Information provided:
..............................
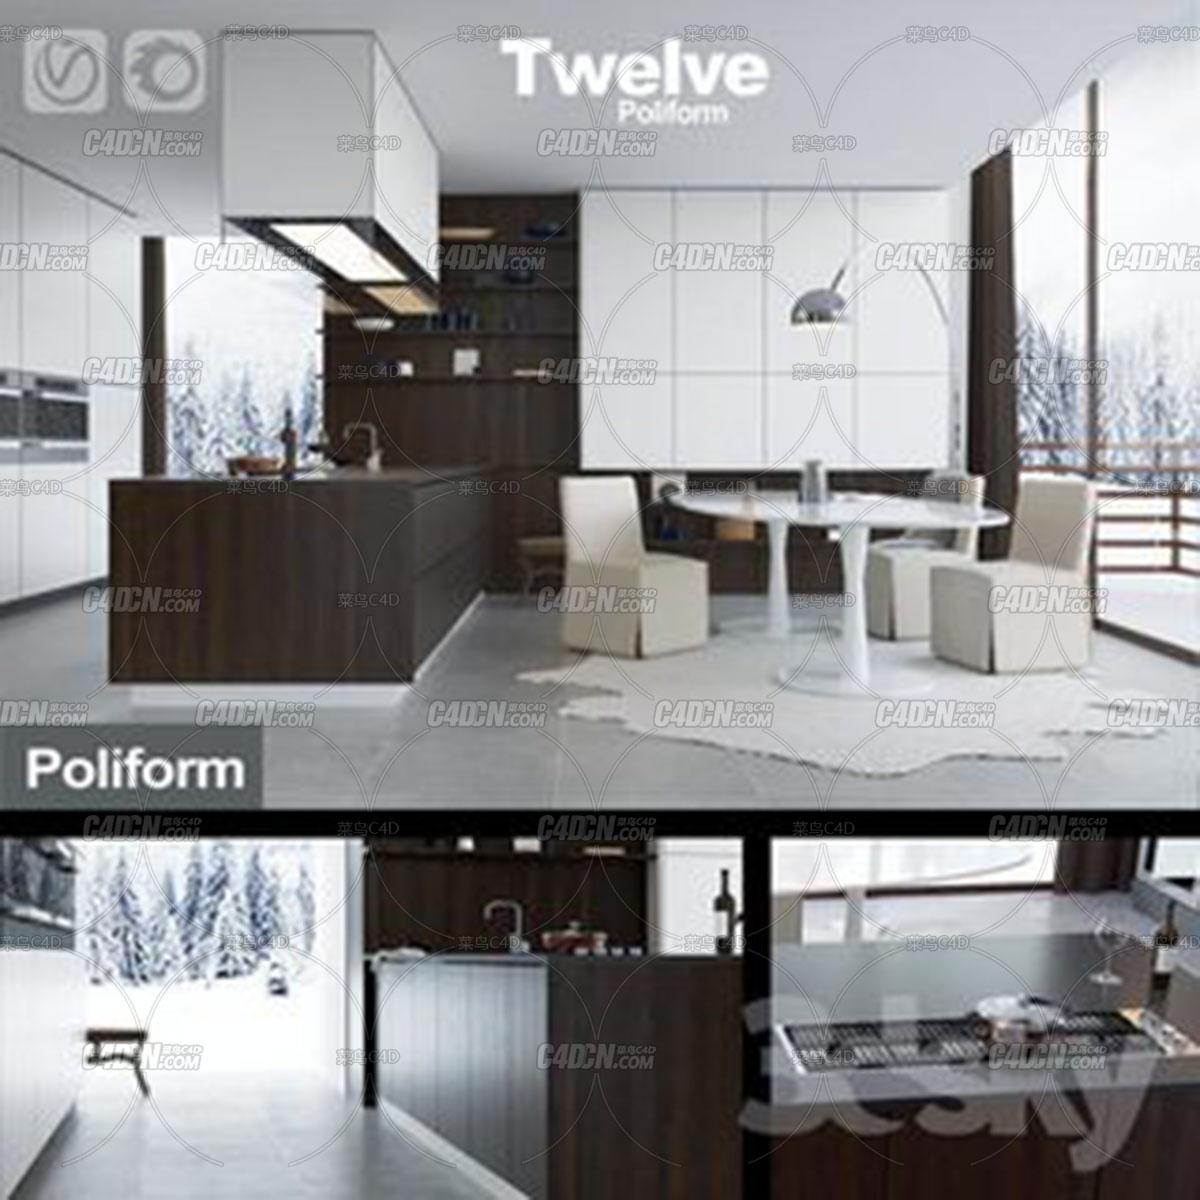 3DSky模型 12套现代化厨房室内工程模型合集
..............................
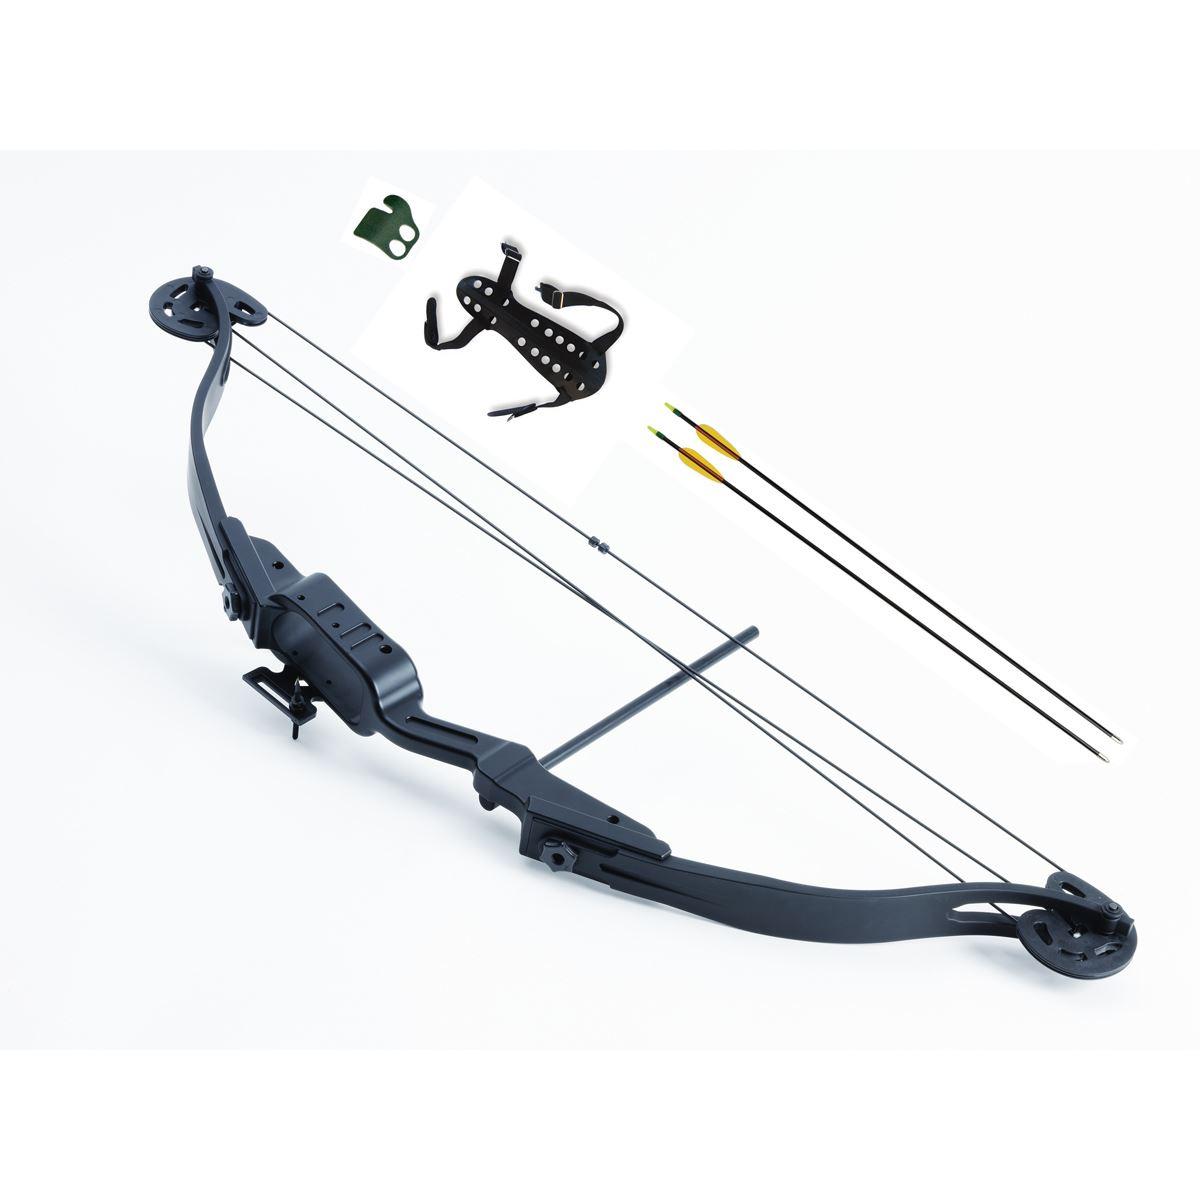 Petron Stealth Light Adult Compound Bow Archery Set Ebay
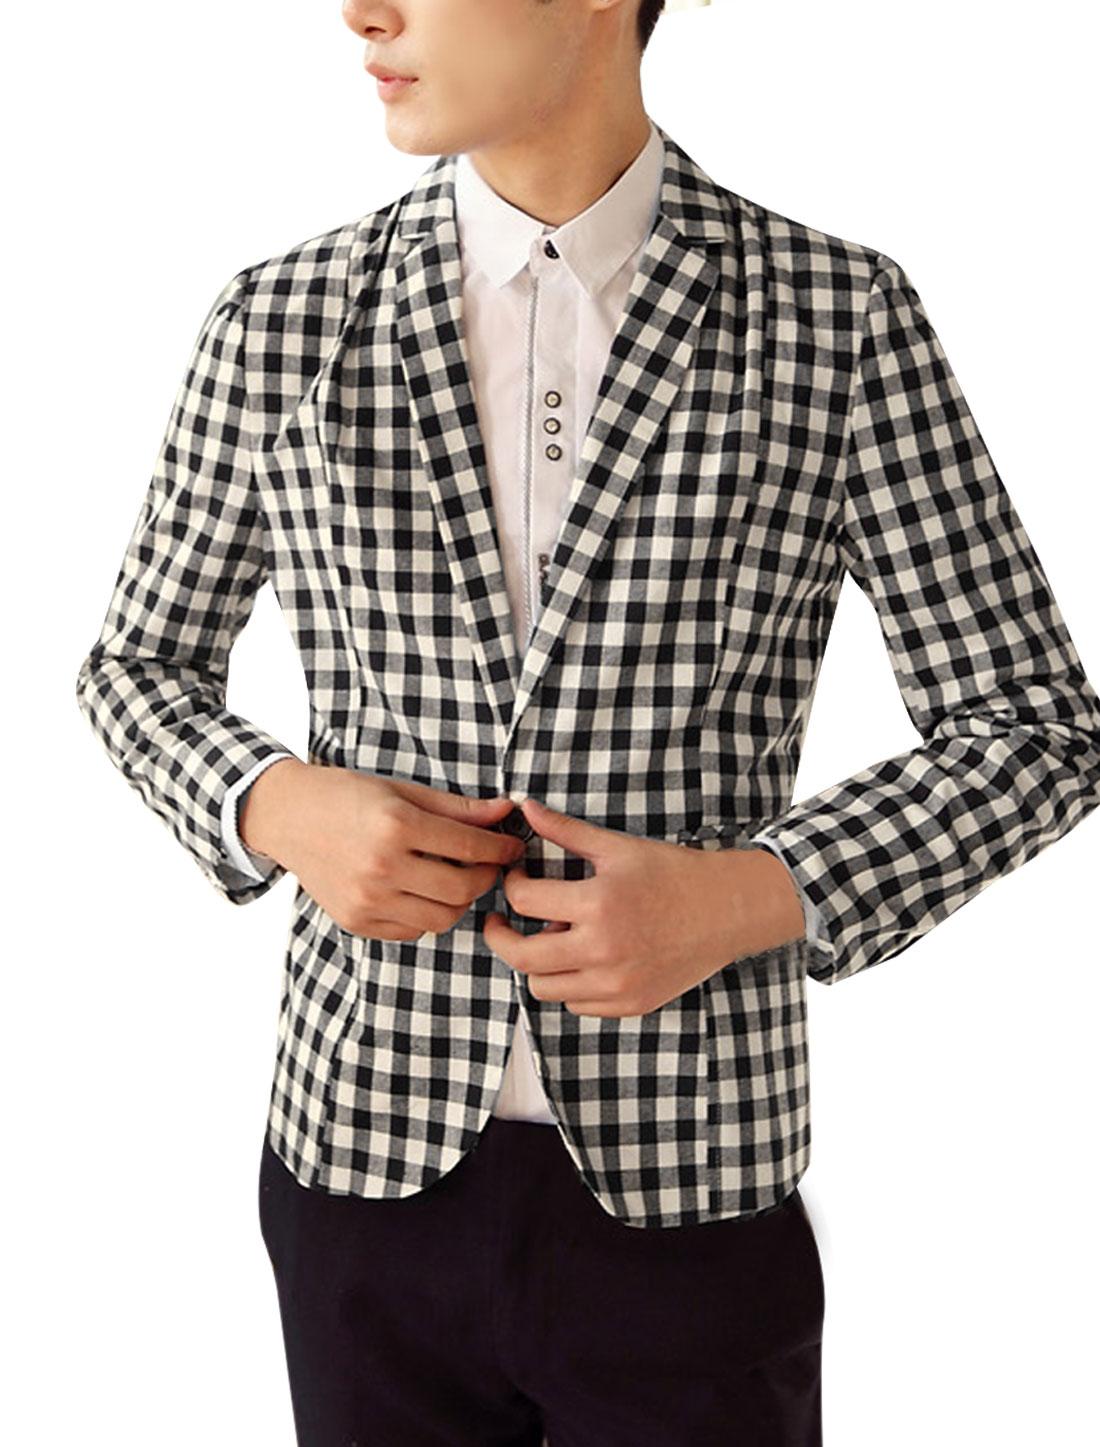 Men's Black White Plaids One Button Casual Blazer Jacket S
..............................
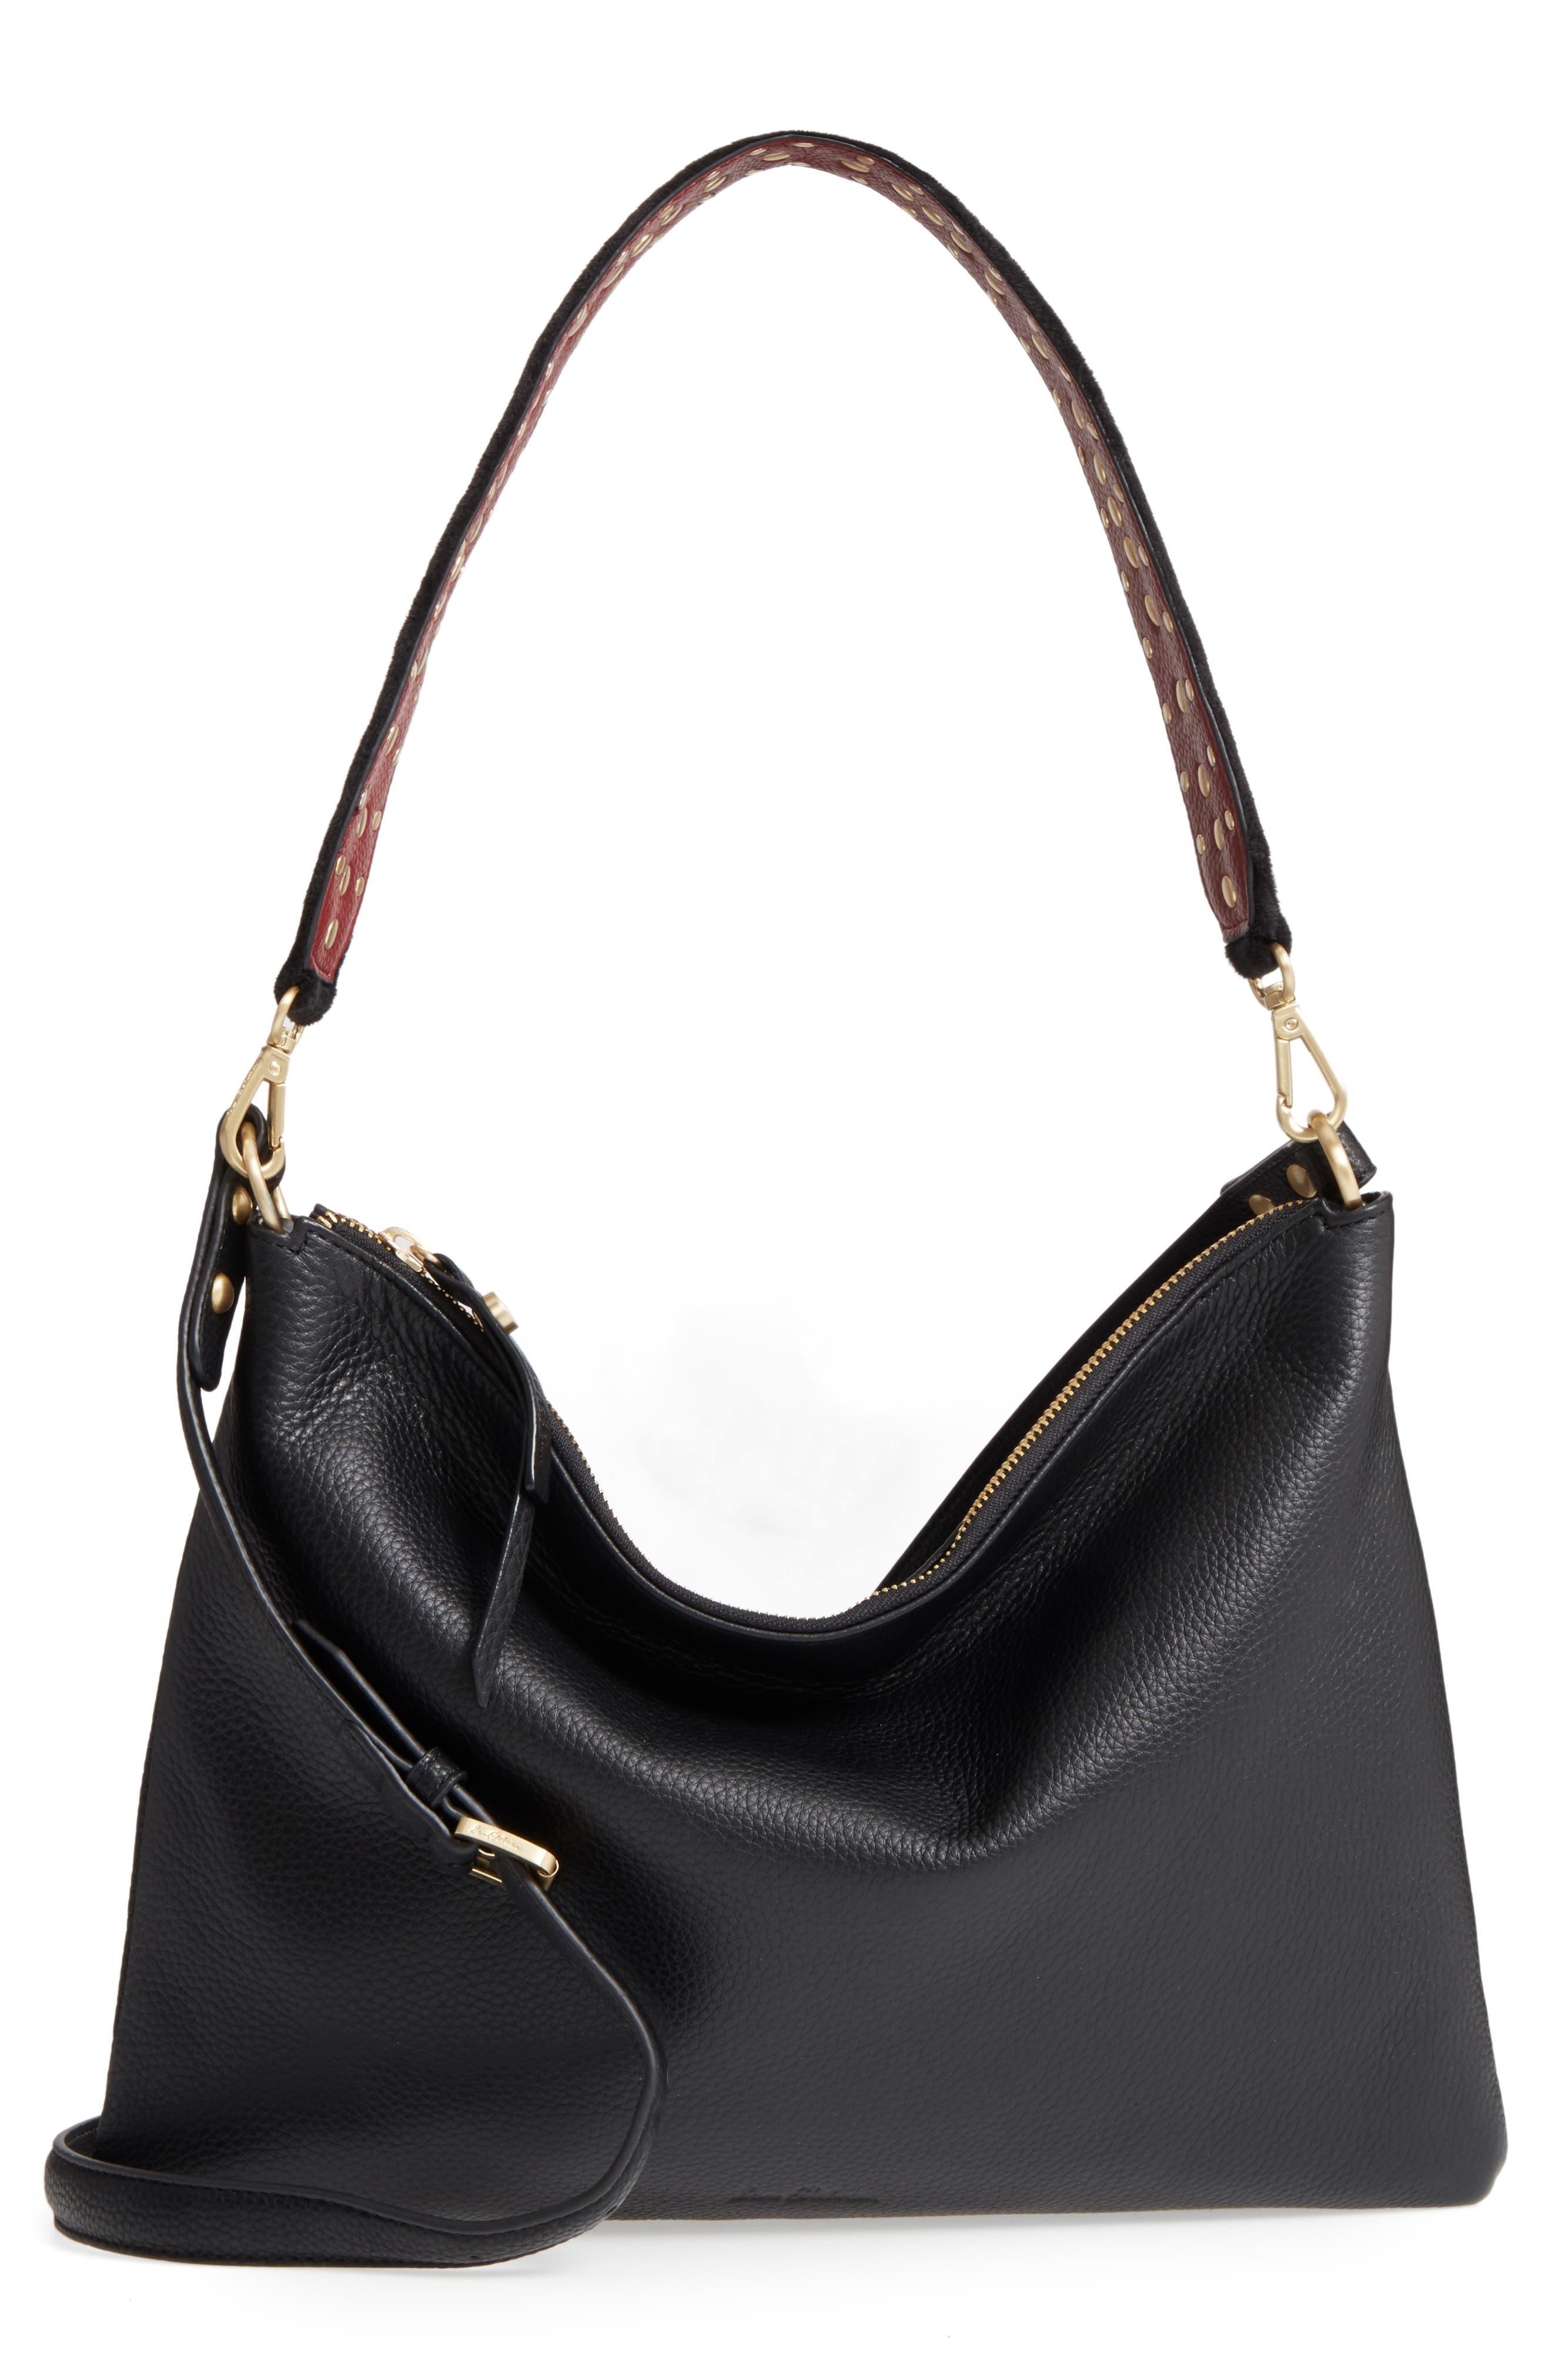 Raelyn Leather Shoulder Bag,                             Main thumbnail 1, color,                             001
..............................
Task to complete: Nothing but the lines above, starting at the line that contains "Petron Stealth Light" and ending at the line that contains "Men's Black White", should be given again, exactly and without the pictures.

Solution for this exercise:
 Petron Stealth Light Adult Compound Bow Archery Set Ebay
 Men's Black White Plaids One Button Casual Blazer Jacket S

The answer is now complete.